Чан Кайши… Новый спутник Урана… «План Маршалла»…

Уже и холодной войной дохнуло, будто мало на земле инвалидов.

В деревянном бараке на улице Октябрьской с зимы сорок первого года проживали только эвакуированные, но потом устаканилось: один съехал, другого забрали, прижились в основном свои, городские, — дворничиха-татарка, одинокий майор милиции, инвалид войны Пасюк, сотрудник областной газеты Иванов, геолог-полярник, ну, еще высланная Француженка.
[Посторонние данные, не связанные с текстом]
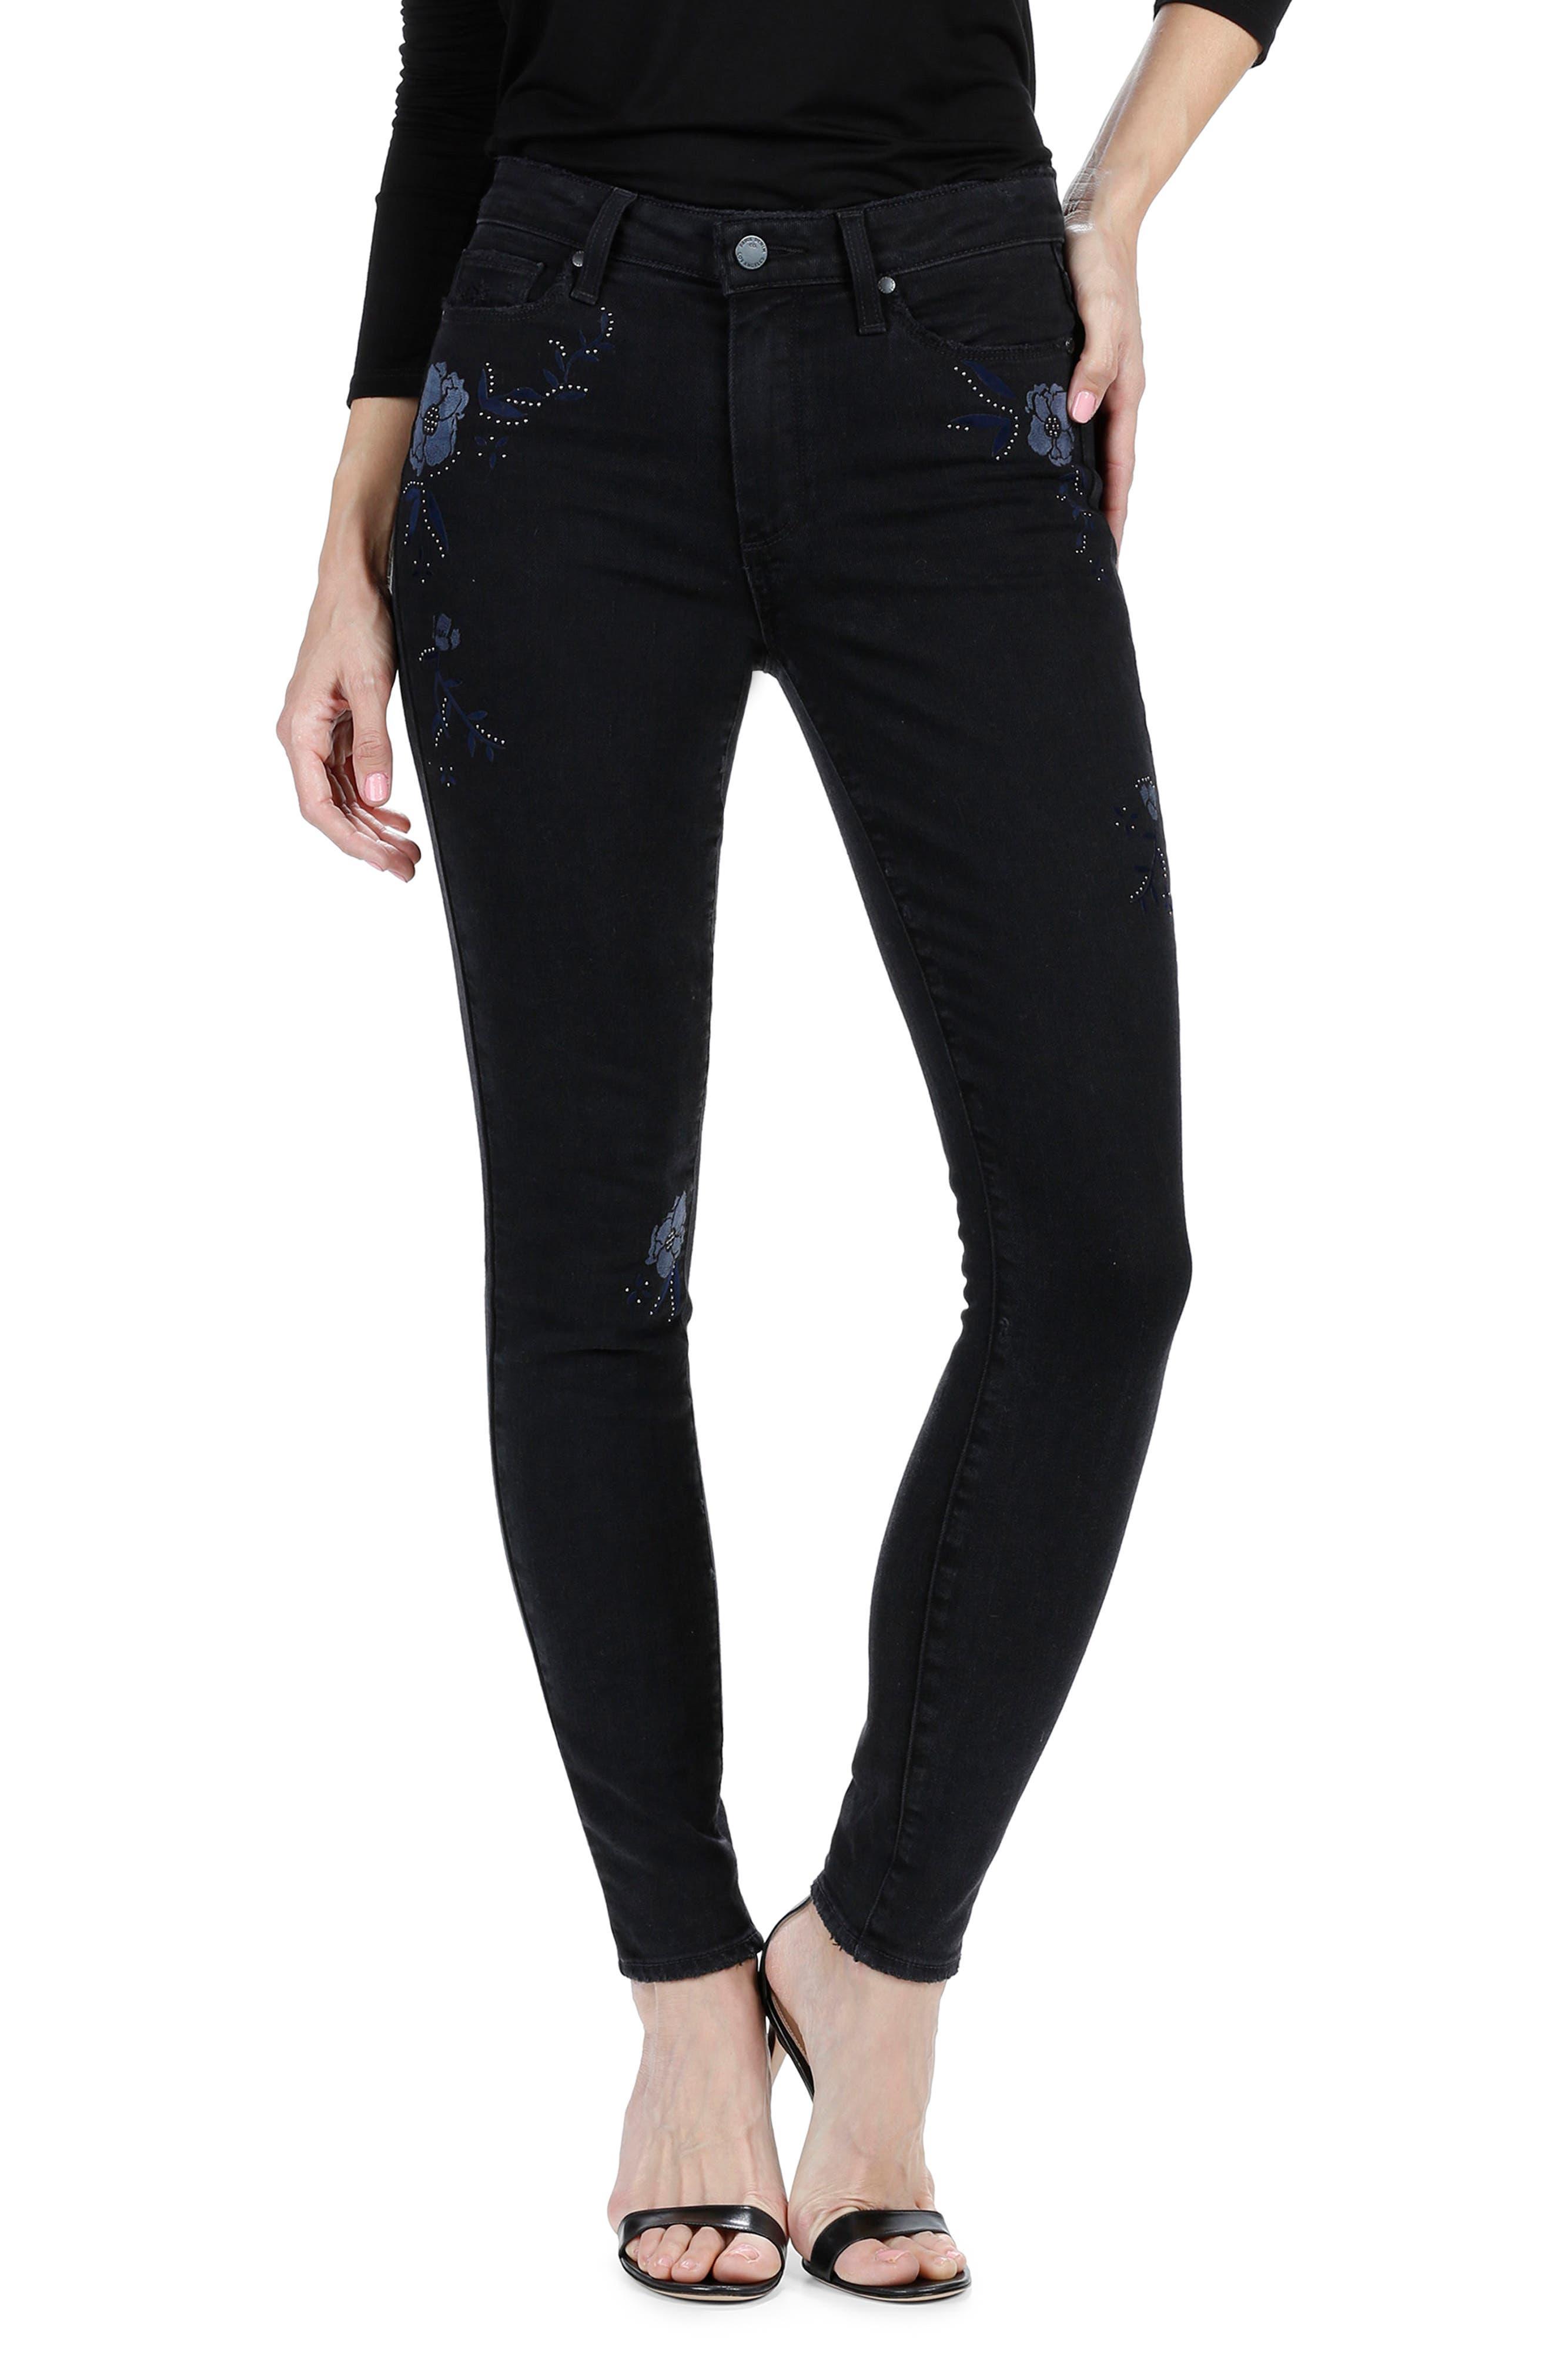 Hoxton High Waist Ultra Skinny Jeans,                         Main,                         color, 001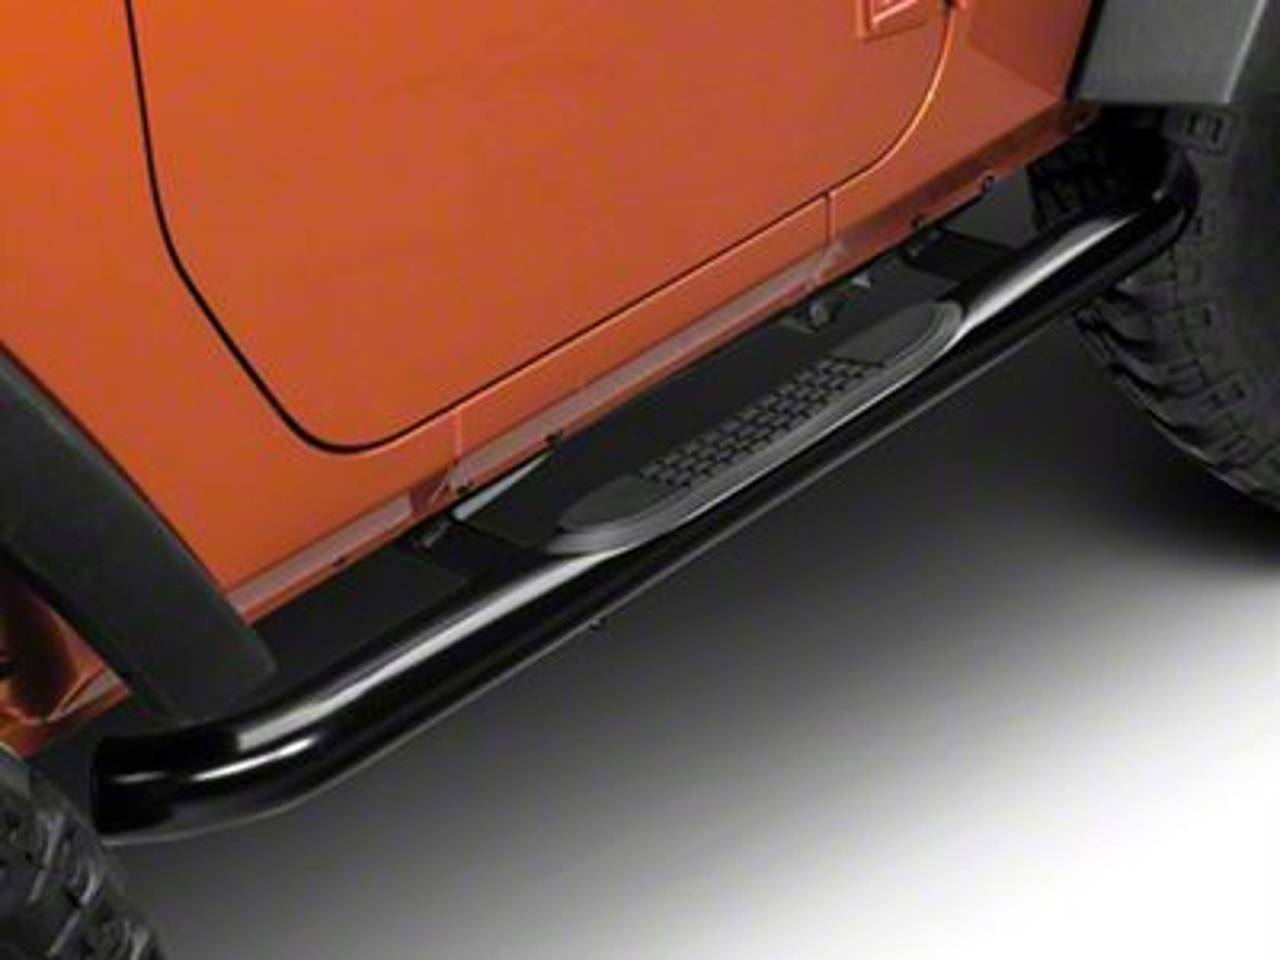 RedRock 4x4 3 in. Round Curved Side Step Bars - Gloss Black (07-18 Jeep Wrangler JK 2 Door)

Иванов слышал однажды (холодно было, наверное, за сорок, не меньше, стекла промерзли, покрылись мутным инеем), как Француженка смиренно просила майора: «Товарищ Воропаев… Одевка-то у меня, сами видите… Сама, как мышь замерзну, пока дойду до отделения… Может, сделаете в документах отметку… Я ведь постоянно у вас на глазах…» Намекала, что ей, высланной, не стоило бы выходить на улицу в такой лютый холод («В сенках недавно мышь насмерть замерзла, дура»), ведь на военные штаны, как у татарки, у нее денег нет. Но на такие ее слова майор даже не ответил. Дело есть дело. Особенно государственное. И Француженка молчание майора правильно поняла. Даже опустилась до простых людей: «Говна-то…».

Воспитанная, интеллигентная, с самого начала обитала рядом с уборной, прислушивалась к чужим шумам, нос не совсем русский. Насчет носа — это так майор Воропаев однажды определил, а до этого не замечали. Одно время инвалид, выпив, начал было приставать к Француженке — то сапоги с его ног стащи, он устал, то в коридоре полы лишний раз протри тряпкой, не может он, товарищ Пасюк, жить в неаккуратности. Но жильцы выступили против. Мало ли что служил механиком в бомбардировочном полку на Дальнем Востоке. Все служили. Иванов так тогда и сказал: «Ты, инвалид, давай сиди себе в своем углу, пока сидится. А то слышали, слышали мы, как это ты там, на войне, два самолета сбил…».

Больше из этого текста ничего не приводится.